胜伯正弯腰清点著满地奇形怪状的法器证据,它们散落在昏黄灯光下,幽光流转,像一群沉睡多年、一旦甦醒便会择人而噬的凶戾兵器,静默中透著令人心悸的不祥。
见我目光扫过那些器物,胜伯直起身,对萧铭玉沉稳道:“挑最要紧的几样带走便够。余下这些傢伙什,留给你们两个防身。接下来的路,风波险恶,终究得靠你们自己一步步去趟了。”
萧铭玉闻言,默默点头,小心翼翼地將胜伯指出的几件关键法器捡起,用软布包裹,动作轻缓得如同在收拾一触即爆的雷管。
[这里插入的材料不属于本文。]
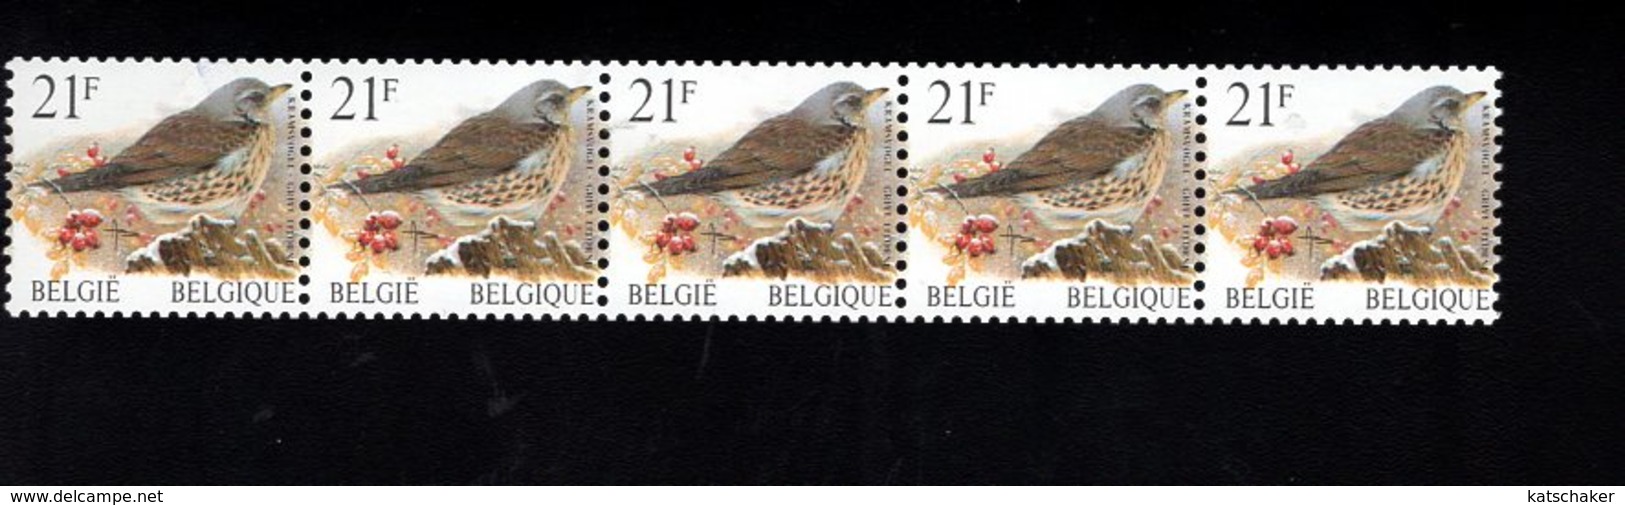 703890277 BELGIUM POSTFRIS MINT NEVER HINGED POSTFRISCH EINWANDFREI OCB R89 BIRD KRAMSVOGEL - Coil Stamps

父亲这时走近,將那只紫藤葫芦不由分说地塞进我手里。葫芦表面还带著他掌心的温度,嘱咐道“里面灵神二气还剩三成不到,紧要关头,能爭取一线生机。”他说话时喉结不易察觉地滚动了一下,灯光在他轮廓分明的下頜投下深刻的阴影,“遇事……多同胜伯、铭玉商量,切记,戒急要忍,莫要莽撞!”
我紧紧握住葫芦,那残留的体温仿佛能透入掌心。忽然,我想起一事,急忙俯身,从刚收拢的法器堆中,精准地挑出一个贴著特殊封禁符籙、周身散发著阴寒气息的太极鏤空法器。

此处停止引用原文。